The makers of "Drive Angry" set out with intention of creating a cult movie.  Nope.  It didn't work for "Snakes on a Plane", either.  Here's the only good part in that entire movie -




There, now you don't need to see the rest of it.  Wait a second, here's the edited-for-TV version of that same scene.  Even better -




What the hell does this have to do with "Drive Angry"?  Just killing time. I guess.

I really wanted to like this movie, but didn't.  It left me feeling "meh".  Nicholas Cage plays a badass monkey fighter who escapes from hell to save his baby granddaughter from a Satanic cult leader, who plans on sacrificing her on the night of a full moon so that hell will "walk the earth", all the while being pursued by an agent from hell known as the Accountant.  Oh, that old story.

No, it's not like "Ghost Rider".  Stop it.

So it's a chase movie.  Awesome, I love a good chase movie.  There's a cool 1969 Dodge Charger in it.  Sweet.  It's a cliche to put one of those in a chase movie nowadays, but sweet

Cage's character is named John Milton.  Heh, heh, I get it. 

There are plenty of classic Southern rock songs in the soundtrack.  Another chase movie cliche. 

Does Cage have a funky toupee - I mean, hairstyle?  Check. 

There's plenty of  b-movie sex and violence, none of it original or impactful in any way (there's even a scene where a character participates in a gunfight while having sex - done far better in "Desperado" and "Shoot-Em-Up").

There are car stunts and chases, none of them particularly memorable or original.  You'd think a movie called "Drive Angry" would have at least one outstanding moment of automobile mayhem.  Nope.

Swearing?  You bet your Monday to Friday ass there is, none of it well-written.  It's like someone who swears a lot just because they have low vocabulary skills.  Sounds lazy.

Are there crappy special effects sequences that look even crappier when viewed in 3-D?  Checkedy check.  Way too many of those.

And how is the overall 3-D, you may ask?  Good quality.  There are some great 3-D shots sprinkled here and there, and it adds to the movie a tiny bit.  I just wish it had been used for a better movie.

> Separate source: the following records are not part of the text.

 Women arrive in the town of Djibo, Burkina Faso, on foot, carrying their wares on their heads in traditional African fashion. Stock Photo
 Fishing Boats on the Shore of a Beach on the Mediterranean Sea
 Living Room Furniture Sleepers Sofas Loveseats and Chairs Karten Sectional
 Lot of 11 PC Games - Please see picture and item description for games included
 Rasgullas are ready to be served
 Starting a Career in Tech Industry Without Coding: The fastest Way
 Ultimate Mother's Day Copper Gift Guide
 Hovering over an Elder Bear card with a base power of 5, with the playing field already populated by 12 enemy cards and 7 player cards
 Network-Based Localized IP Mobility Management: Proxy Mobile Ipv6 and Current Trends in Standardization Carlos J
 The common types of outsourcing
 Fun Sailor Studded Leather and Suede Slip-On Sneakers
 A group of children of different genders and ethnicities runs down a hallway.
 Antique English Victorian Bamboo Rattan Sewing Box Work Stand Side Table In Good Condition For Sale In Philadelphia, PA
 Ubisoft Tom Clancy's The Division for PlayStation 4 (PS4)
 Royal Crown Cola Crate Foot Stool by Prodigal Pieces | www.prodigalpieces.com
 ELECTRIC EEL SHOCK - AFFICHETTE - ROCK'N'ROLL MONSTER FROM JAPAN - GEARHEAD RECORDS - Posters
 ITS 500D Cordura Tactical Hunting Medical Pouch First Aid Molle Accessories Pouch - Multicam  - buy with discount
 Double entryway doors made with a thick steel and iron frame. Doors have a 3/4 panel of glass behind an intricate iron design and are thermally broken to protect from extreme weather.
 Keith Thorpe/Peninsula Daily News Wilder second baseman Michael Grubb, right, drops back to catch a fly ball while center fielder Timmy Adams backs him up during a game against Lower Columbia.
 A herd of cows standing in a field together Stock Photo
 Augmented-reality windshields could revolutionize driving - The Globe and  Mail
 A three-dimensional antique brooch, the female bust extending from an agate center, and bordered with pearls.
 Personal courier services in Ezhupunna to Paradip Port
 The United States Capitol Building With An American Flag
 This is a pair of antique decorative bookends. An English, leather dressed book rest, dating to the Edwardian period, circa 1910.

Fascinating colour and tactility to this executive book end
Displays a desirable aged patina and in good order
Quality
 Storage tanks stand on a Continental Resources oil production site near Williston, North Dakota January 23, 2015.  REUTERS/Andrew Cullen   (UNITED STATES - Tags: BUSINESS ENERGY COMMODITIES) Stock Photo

The cast doesn't do a bad job, considering what they have to work with.  Nicholas Cage is fine.  He gets a couple of nice badass moments, but his character is a cliche.  Amber Heard (blonde helper monkey) is the eye candy and her character is annoying for most of the film, but she still comes across as strangely likable.  Billy Burke, as the cult leader Jonah King, is appropriately slimy and scumbaggish.  Heck, David Morse and legendary b-movie actor Tom Atkins even show up to collect their paychecks.

But the real standout in the cast is William Fichtner as the Accountant.  He steals the show in almost every scene he's in, and captures some of the maniacal spirit that the rest of this movie desperately needed.  It's almost worth seeking this out just to see his performance.  Almost.





Director Patrick Lussier and scripter Todd Farmer also made the 3-D remake of "My Bloody Valentine", which would have been completely lame without the gimmick of 3-D.  "Drive Angry" is a better movie than "Valentine".  But not by much.  All the ingredients were here for a punk rock night at the movies, but what we're left with is elevator muzak.  With a decent guitar solo by the Accountant.

This movie just fell flat for me at every critical juncture.  The filmmakers tried to make a cult film, but there's nothing much here for an audience to hold onto.  It's a wannabe.  Time will tell if I'm wrong about this, but we'll see.  Time to go watch "Vanishing Point" again. . .

You want a cult movie?  Here's yer cult movie.  It's been screening at plenty of film festivals over the last year or so, it already has a cult following, and will be in theaters next month.  Stop me if you've heard this before - a car tire comes to life, develops telekinetic powers, then obsesses over and stalks a beautiful woman.  In other words, it's totally in my wheelhouse -




Wheelhouse.  Ha, ha.

1 comment:

  1. Dude.

    I saw the description of Rubber on On Demand and almost watched it just for that reason. Now that it has a plug, I will have to convince my wife that we should watch it.

    Somehow not surprised about Drive Angry... but glad to hear that my suspicions were correct.